The Cybersecurity Architect provides leadership and development of new or existing enterprise cybersecurity projects, including requirements definition, documentation, and communication. Works directly with customers, business, and other IT entities to create, document, implement, and manage security controls, policies, procedures, and practices that ensure the availability, integrity, and confidentiality of information assets. Provides subject matter expertise (SME) leadership with design, installation, operation, service, and maintenance of a variety of multi-user information security systems.
What You'll Be Doing:
Security Architecture
Gain understanding of current state and target state architectures, then work to define a strategy for technical direction around security.
Architect, design, implement, maintain, and operates information system security controls and countermeasures.
Leads the planning, design, documentation, and engineering of security and compliance solutions across the enterprise.
Defines, develops, documents, and implements new security components and integrations.
Provides techniques and patterns for securing integration with external vendors or cloud providers.
Subject matter expert/contributor measurably improving the overall security framework and program.
Leads regular design reviews for requirements implementation.
Security Administration
Evaluates and plays an active role in life-cycle management of multiple technologies designed to protect information.
Create and maintain process and or procedures for security technologies.

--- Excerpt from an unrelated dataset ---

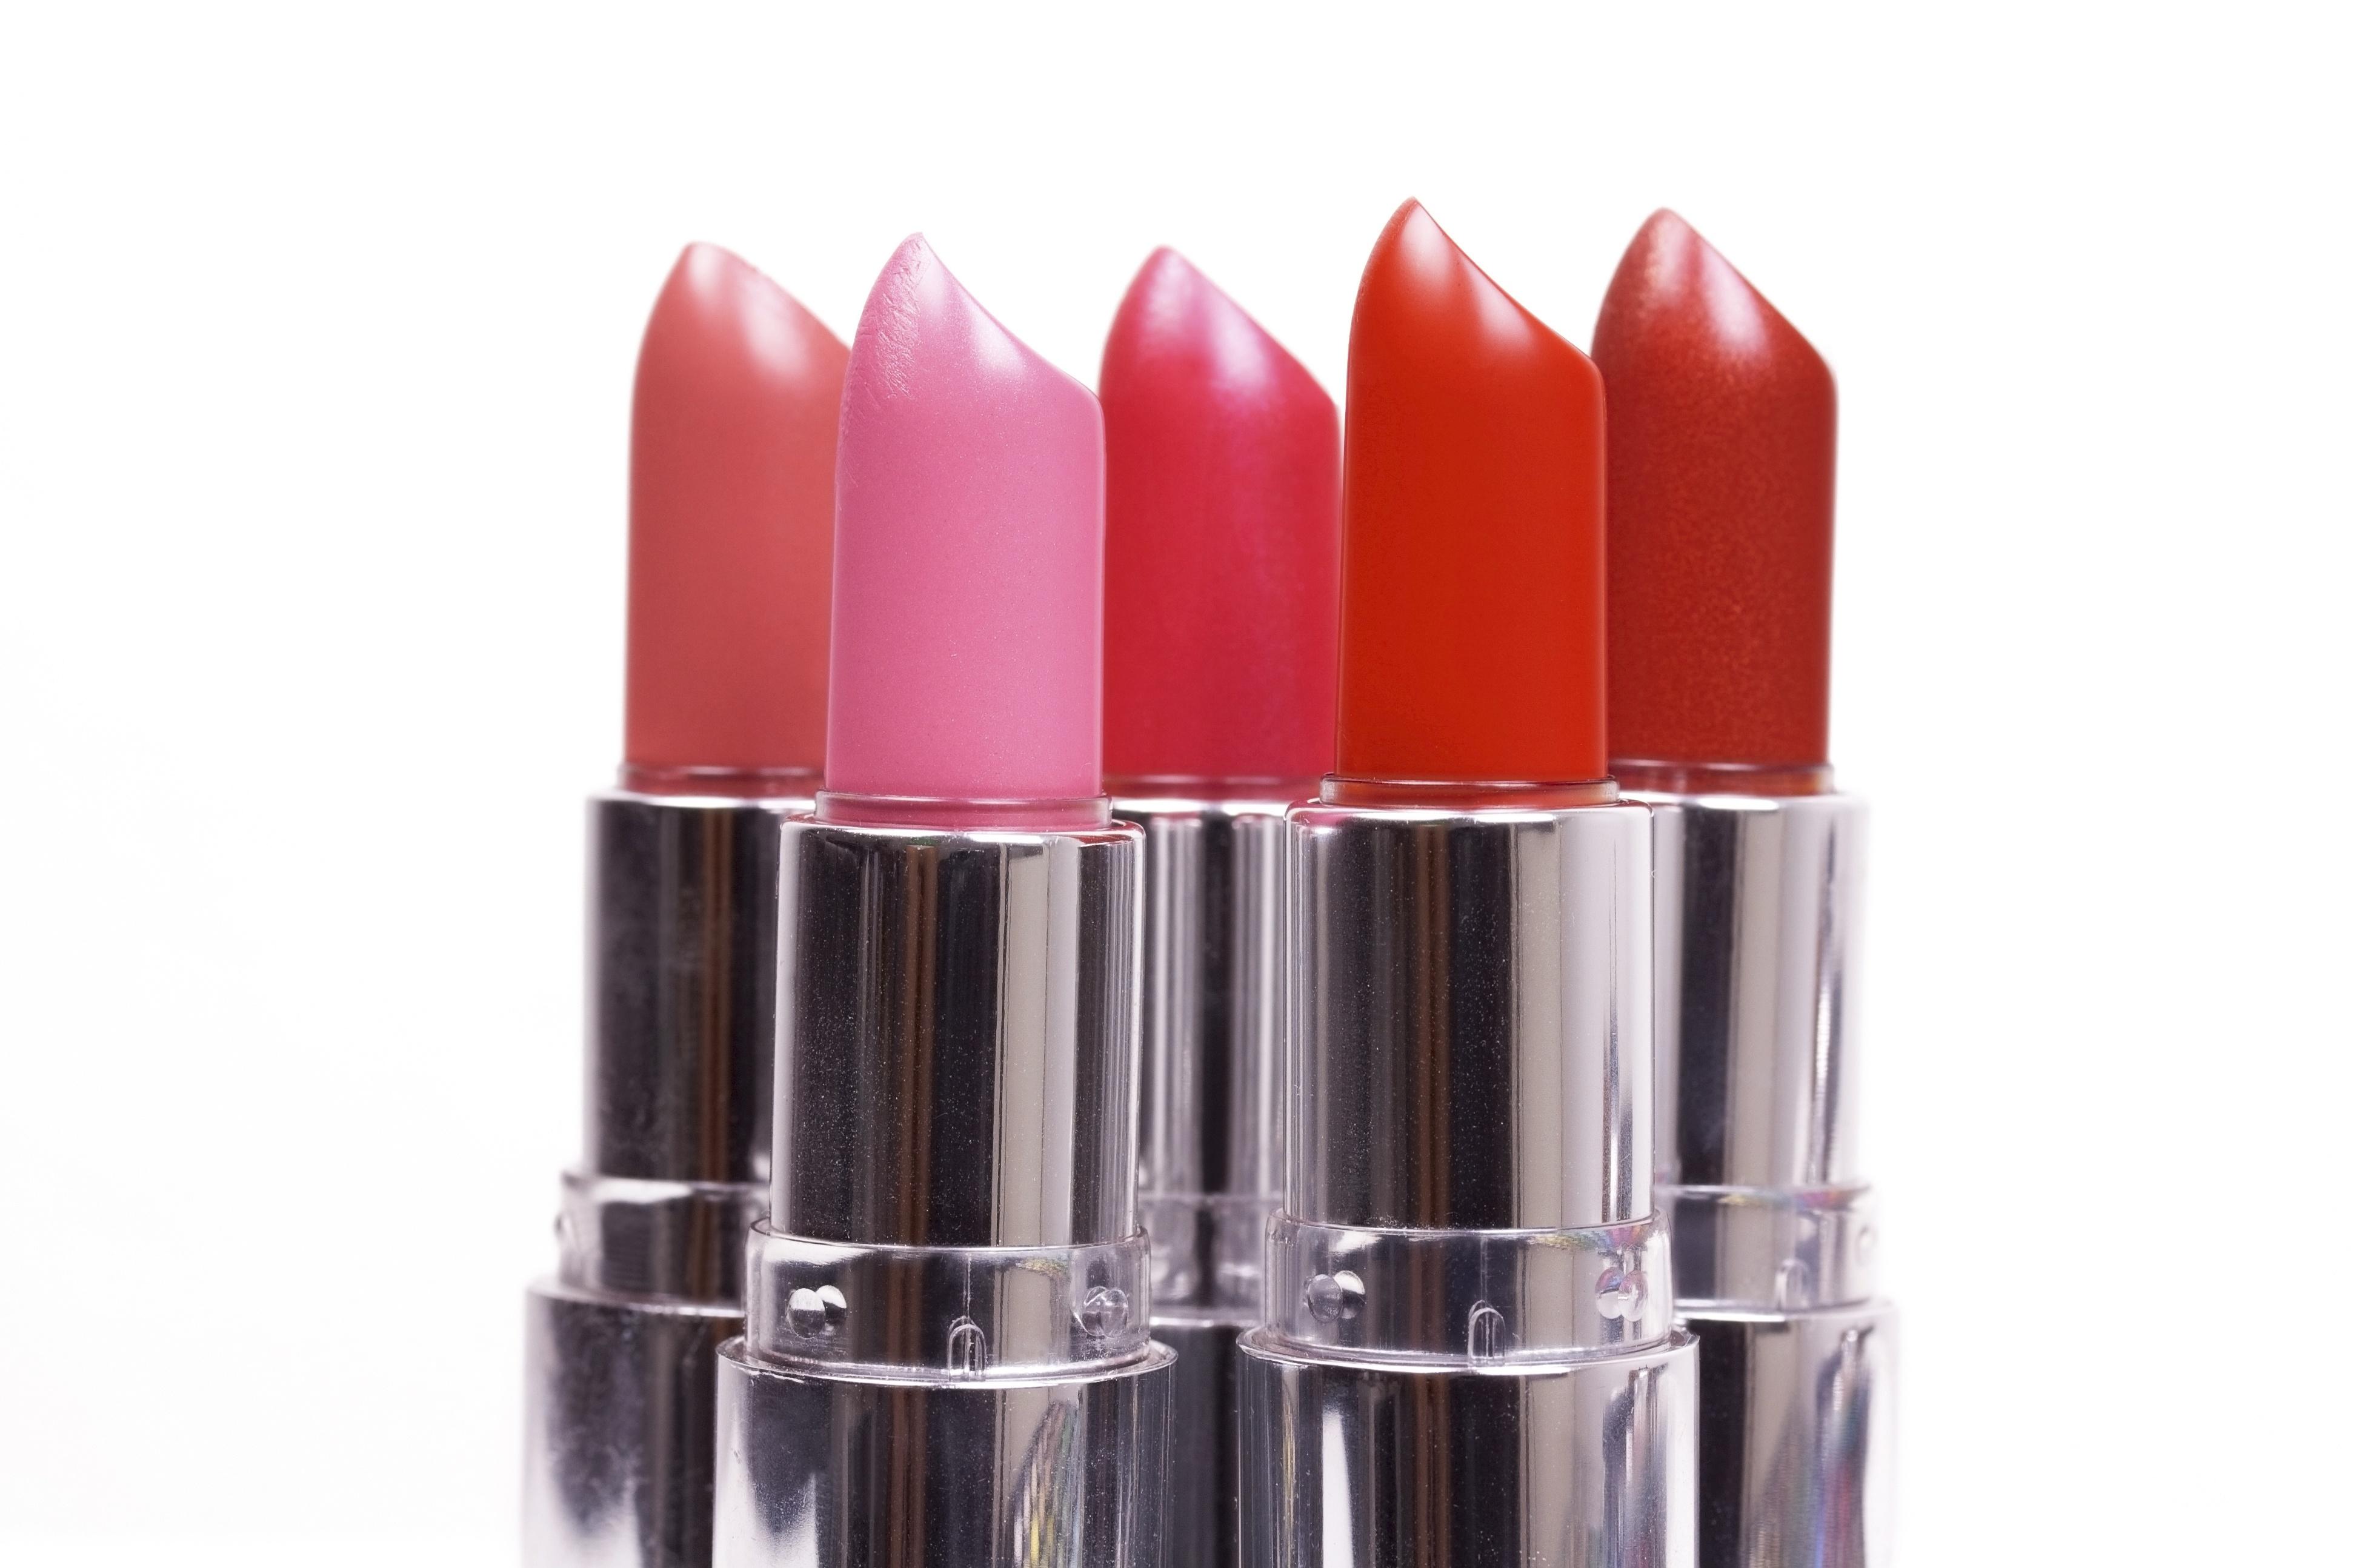 lipsticks, 3 lipsticks that make your teeth pop, ravishing reds, poppy pinks, glosses, oral health, beauty, dental health

Prepare periodical reports on risk analysis reviews, security compliance reviews, and security incidents, etc.
Incident Response
Lead incident response team activities.
Monitor for new security threats and makes recommendations for additional controls.
Identify security risks to the organization and recommend corrective actions.
Provide oversight of complex security incidents and escalations, performing advanced analysis and troubleshooting, and resolving incidents.
Education:
Bachelor of Science Degree in Systems Engineering, Electrical Engineering, Computer Sciences, Computer Engineering, Information Security, or other related engineering degree, or equivalent experience.
Experience:
Industry recognized security certifications; CISSP: Certified Information Systems Security Professional, CISM: Certified Information Security Manager, GIAC: SANS Global Information Assurance Certification, vendor certifications such as Azure Security Engineer (AZ500), etc
10+ years' experience in an Information Technology role, with 5+ years specific to an Information or Cybersecurity role that include expertise in design, development, and deployment of complex highly available, and secure, integration solutions.
Specialized Skills:
Exceptional knowledge and understanding on the creation/implementation and securing of cloud technologies such Azure/AWS/GCP, as well as traditional on-premise secure networks, firewalls and intrusion-detection/prevention systems.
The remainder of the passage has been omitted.